Register existing Parquet files in a DuckLake table
Source:R/ducklake.R
ducklake_register_parquet.RdAdds Parquet files that already exist (from prior ETL) to a DuckLake table. This is a catalog-only operation; data files are not copied or moved.
Usage
ducklake_register_parquet(
con,
table,
parquet_files,
create_table = TRUE,
allow_missing = FALSE,
ignore_extra_columns = FALSE,
allow_evolution = FALSE
)Arguments
- con
DuckDB connection with DuckLake attached.
- table
Target table name (optionally qualified, e.g., "lake.variants").
- parquet_files
Character vector of Parquet file paths/URIs.
- create_table
Logical, create the table if it doesn't exist. Default: TRUE. When TRUE, schema is inferred from the first Parquet file.
- allow_missing
Logical, allow missing columns (filled with defaults). Default: FALSE.
- ignore_extra_columns
Logical, ignore extra columns in files. Default: FALSE.
- allow_evolution
Logical, evolve table schema by adding new columns from files. Default: FALSE. When TRUE, new columns found in files are added via ALTER TABLE before registration, making all columns queryable.
Details
This function uses DuckLake's ducklake_add_data_files() to register
external Parquet files in the catalog. The files must already exist and
have a schema compatible with the target table.

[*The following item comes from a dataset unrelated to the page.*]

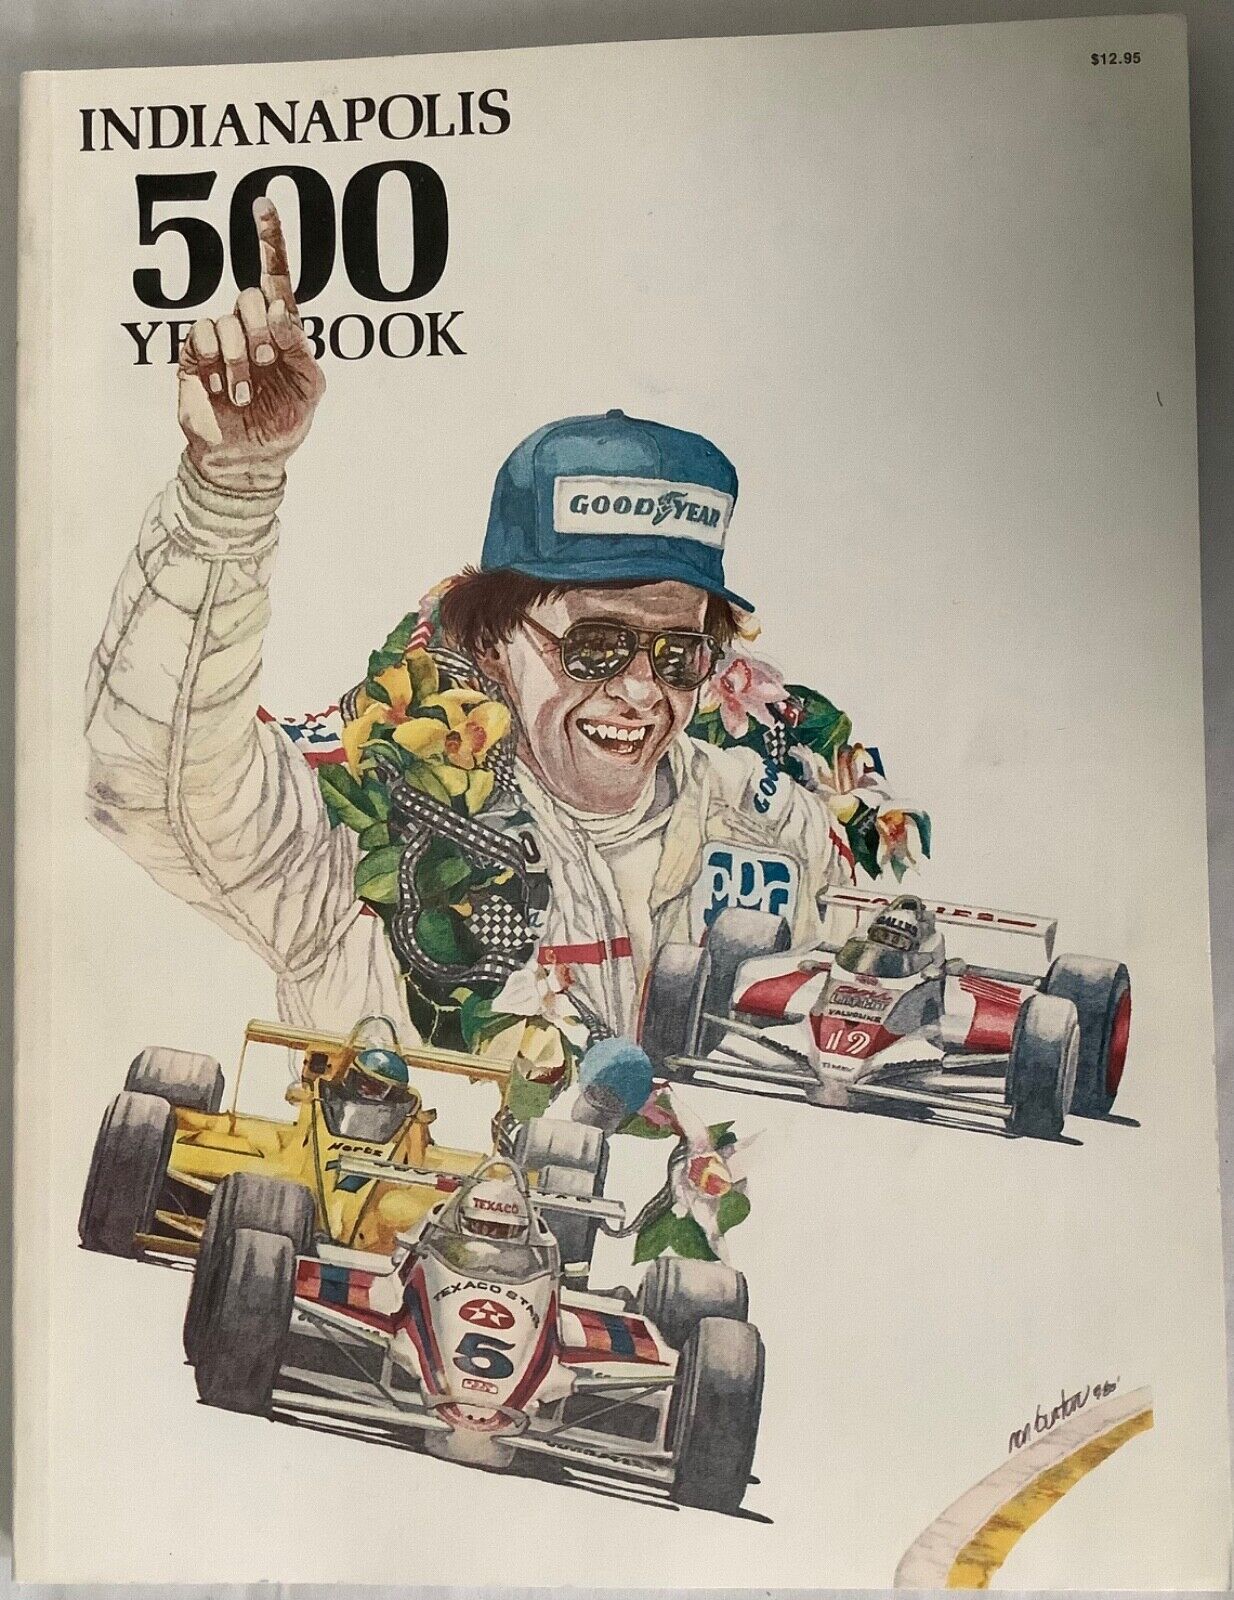 1983 Indianapolis 500 Yearbook, Hungness

Schema Evolution (allow_evolution = TRUE):
When enabled, the function compares each file's schema against the table schema
and adds any missing columns via ALTER TABLE ADD COLUMN before registration.
This allows combining VCF files with different annotations (e.g., VEP columns)

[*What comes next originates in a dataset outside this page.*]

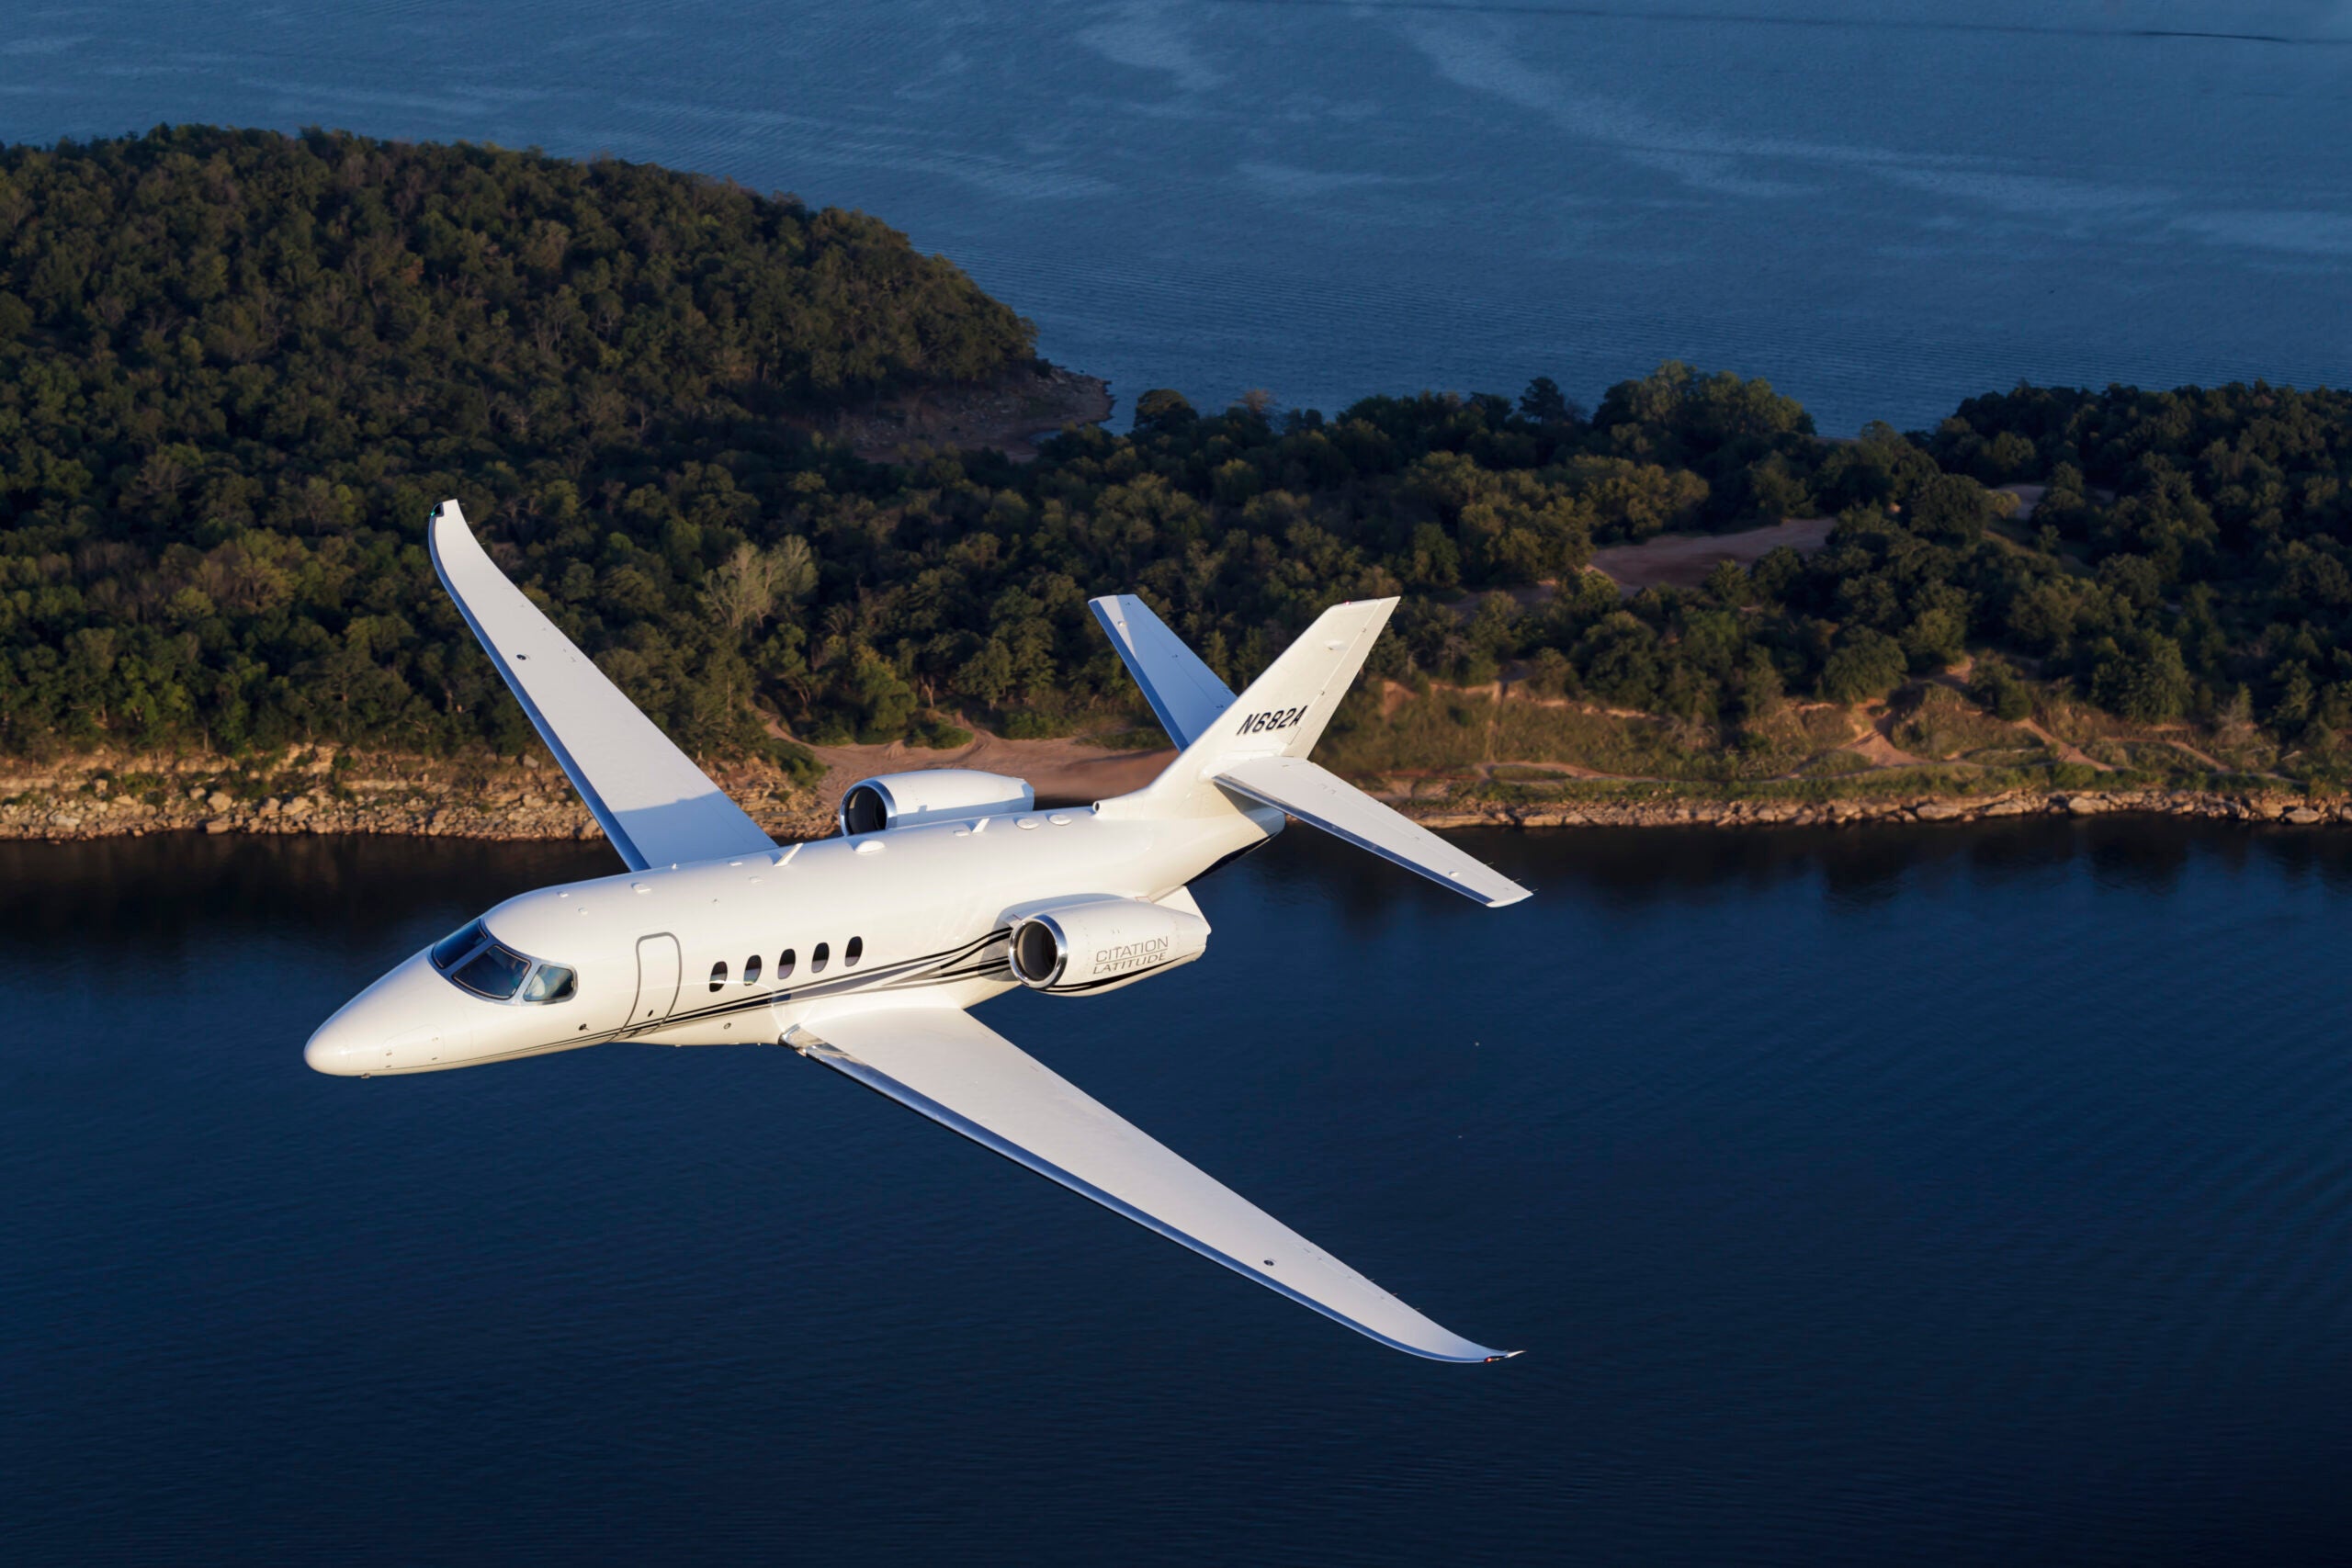 7,000th Citation Delivery Celebrated with Big Order

into a single table where all columns are queryable.
Examples
if (FALSE) { # \dontrun{
# Register a Parquet file created by vcf_to_parquet_duckdb()
ducklake_register_parquet(con, "variants", "s3://bucket/variants.parquet")
# Register with schema evolution (add new columns from file)
ducklake_register_parquet(con, "variants", "s3://bucket/vep_variants.parquet",
allow_evolution = TRUE
)
} # }